The past five years have been my most difficult.
The past five years have been my most satisfying.
September 2015
There have been numerous partings, but through them all, our
lovely dog Lucy gave us a sense of being, what scripture describes as, "rooted and grounded." Rooted and grounded is a mixed metaphor--part agricultural; part architectural--that describes the need for depth and stability.
We were called from our beloved home and church and community in Auburn, California for Farmerville, Louisiana. Lucy and Gracie gave our new home in the South, well, a sense of home. A sense of being rooted and grounded.
Perhaps a year after our move, Gracie passed, but Lucy remained. Over the next three years, others followed. My mother passed, but Lucy remained. My youngest brother, Mark, passed, but Lucy remained. My father passed, but Lucy remained. My last uncle, Bob, passed, but Lucy remained. My mother-in-law passed, but Lucy remained. We grieved, but we remained rooted and grounded.
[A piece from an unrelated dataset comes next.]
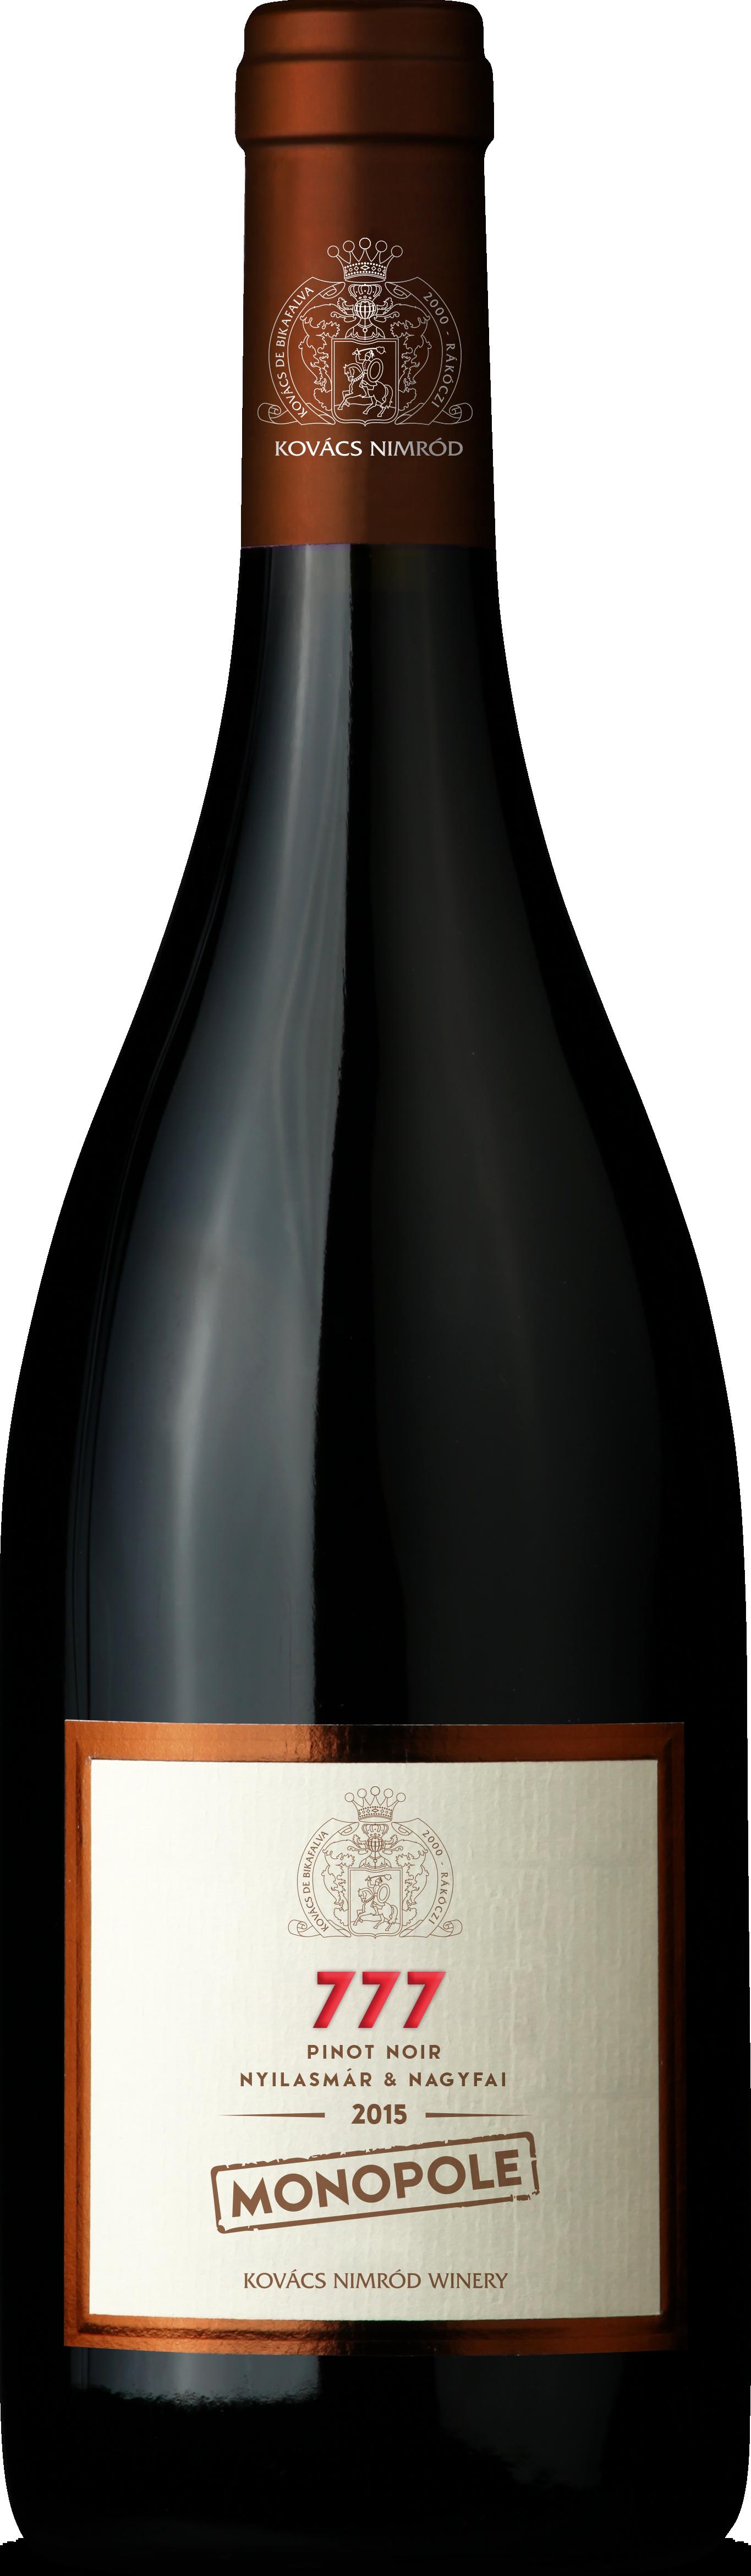 777 Pinot Noir 2015

But two months ago, inevitably, Lucy herself passed--though fifteen years of age--suddenly, tragically. And the loss was, the loss is, profound. There have been difficult moments: heartbreaking moments of sadness; breathless moments of panic; desperate moments of feeling adrift, without root or ground.
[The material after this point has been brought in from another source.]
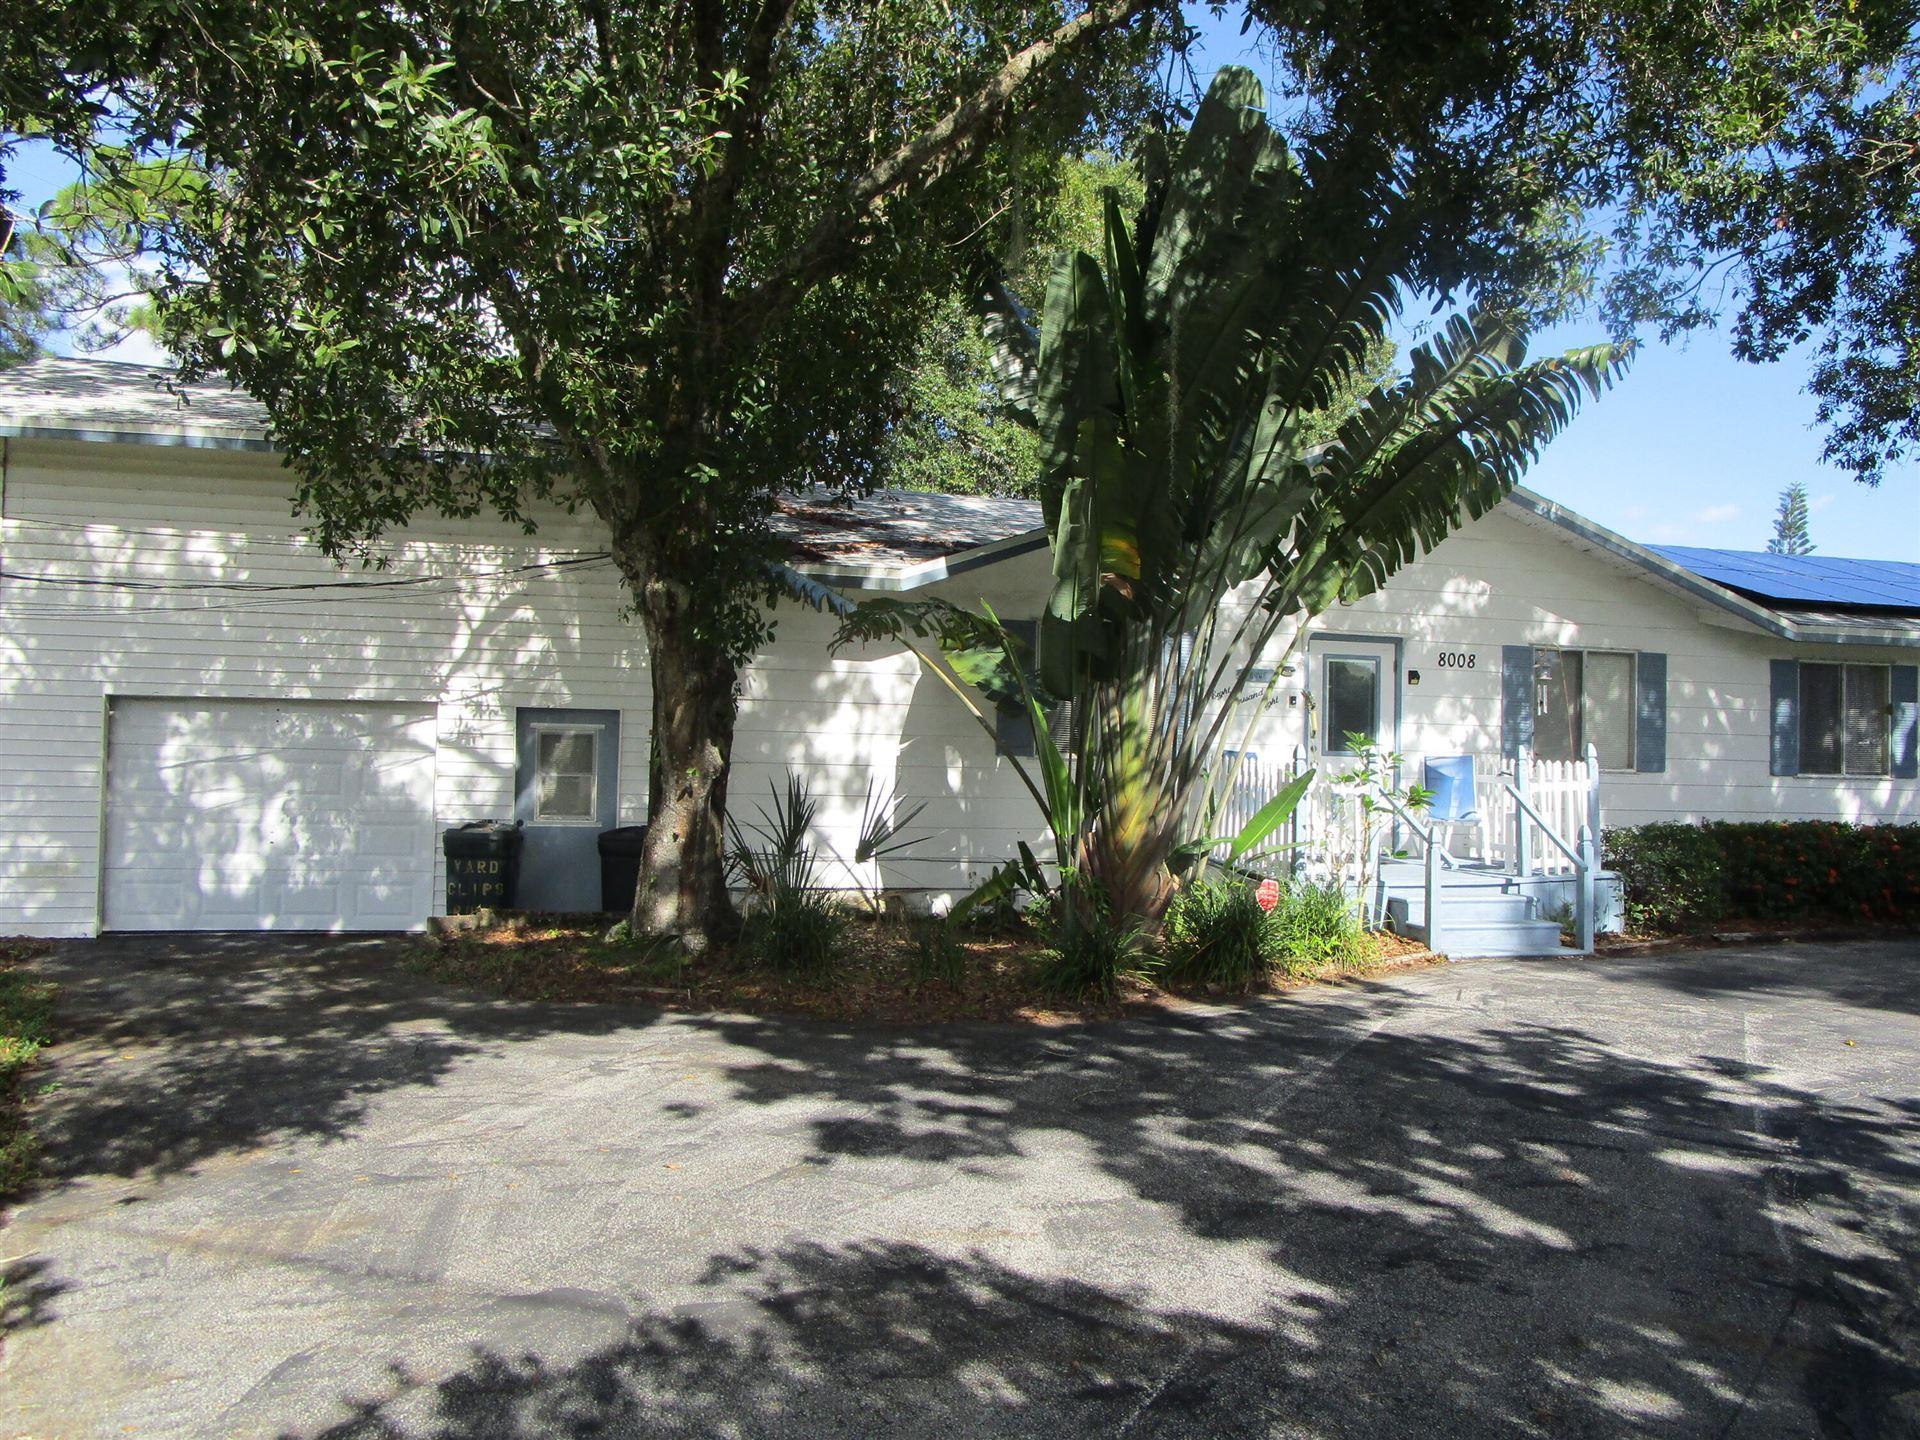 8008 Lockwood Drive, Fort Pierce, FL 34951 - MLS#: RX-10752983

For weeks now, I've struggled to discern the line between grieving and grounding. To respect grief's need of time and space to process Lucy's passing, while paying attention to the voice calling me to be rooted and grounded in that which cannot fail, in that which is transcendent and true and timeless.
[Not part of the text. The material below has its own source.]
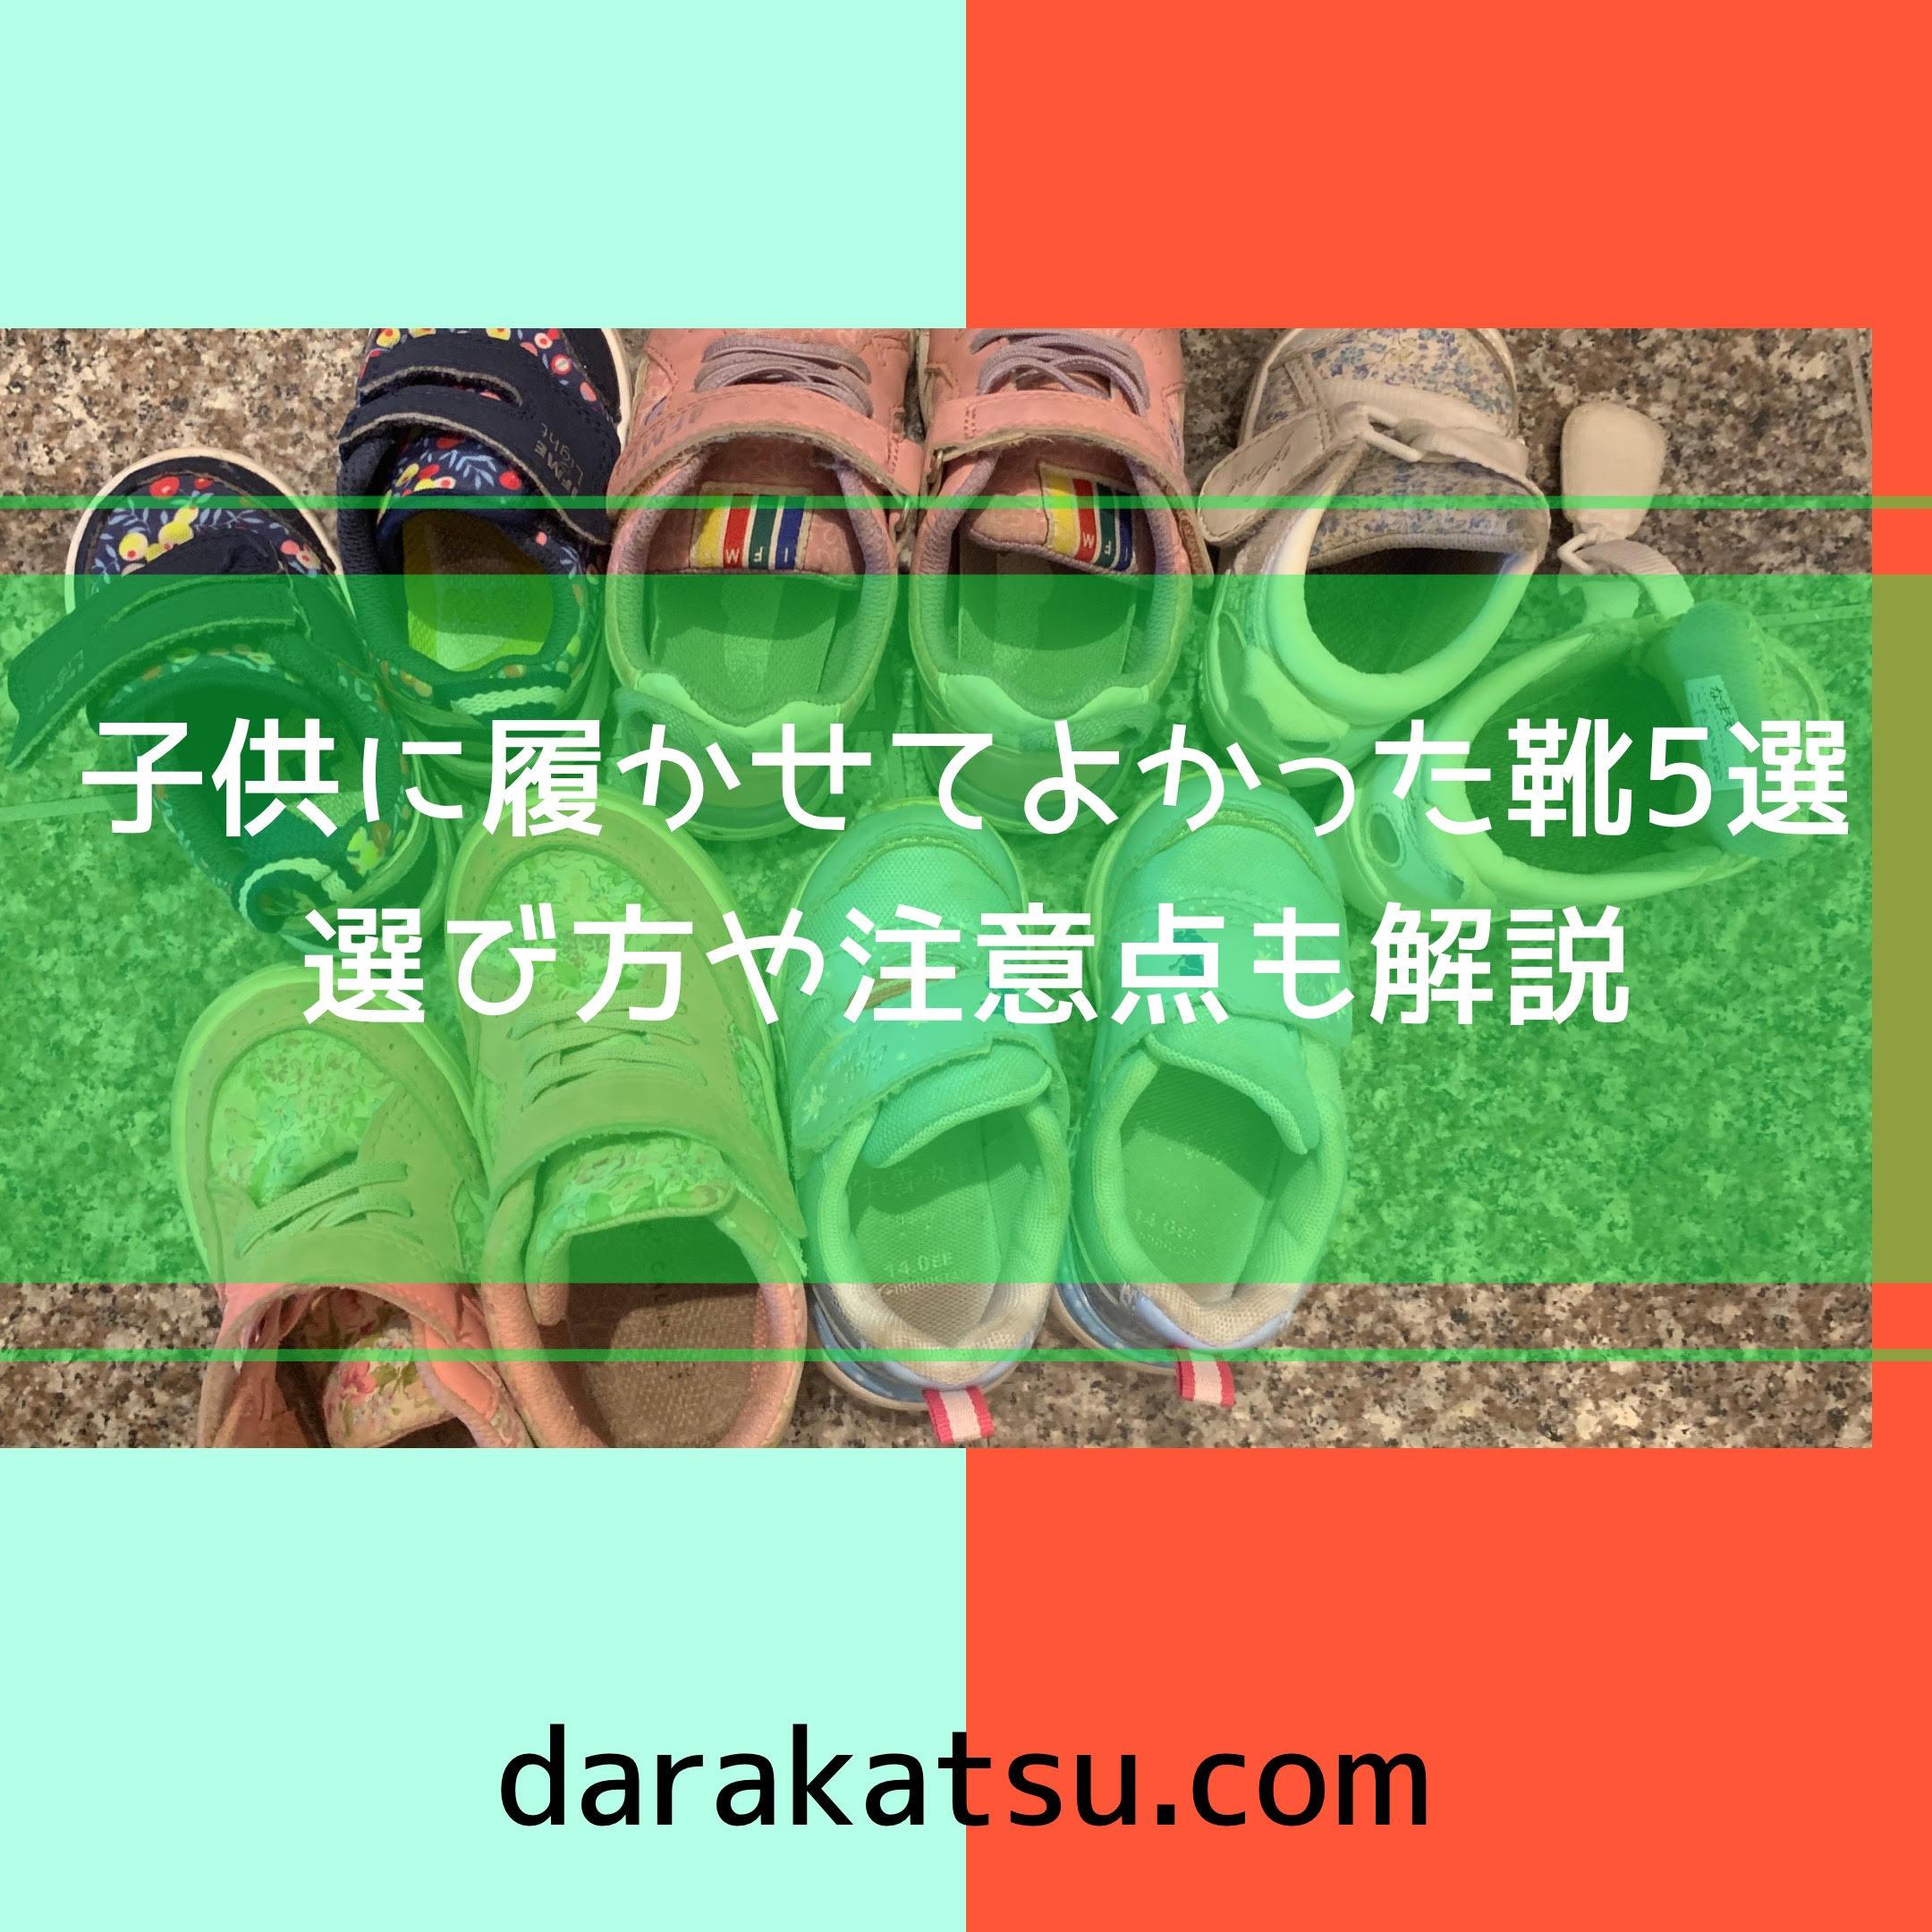 子供に履かせて本当に良かったおすすめスニーカー5選|靴の選び方から注意点まで徹底解説

How might you describe, in practical terms, being "rooted and grounded"? Paul used the figure twice (Ephesians 3:14-21; Colossians 2:6-7). What is the place of root and ground in these two passages? How might Jesus' declaration of John 14:6, "I am the way, and the truth, and the life; no one comes to the Father but through Me," relate to that which is "transcendent, true, and timeless"? Who or what do you depend upon to bring you depth and stability? Are you rooted and grounded in that which is transcendent and true and timeless, or in the transient? Or, to put it another way, if you lost everything you could loose, what would you have left?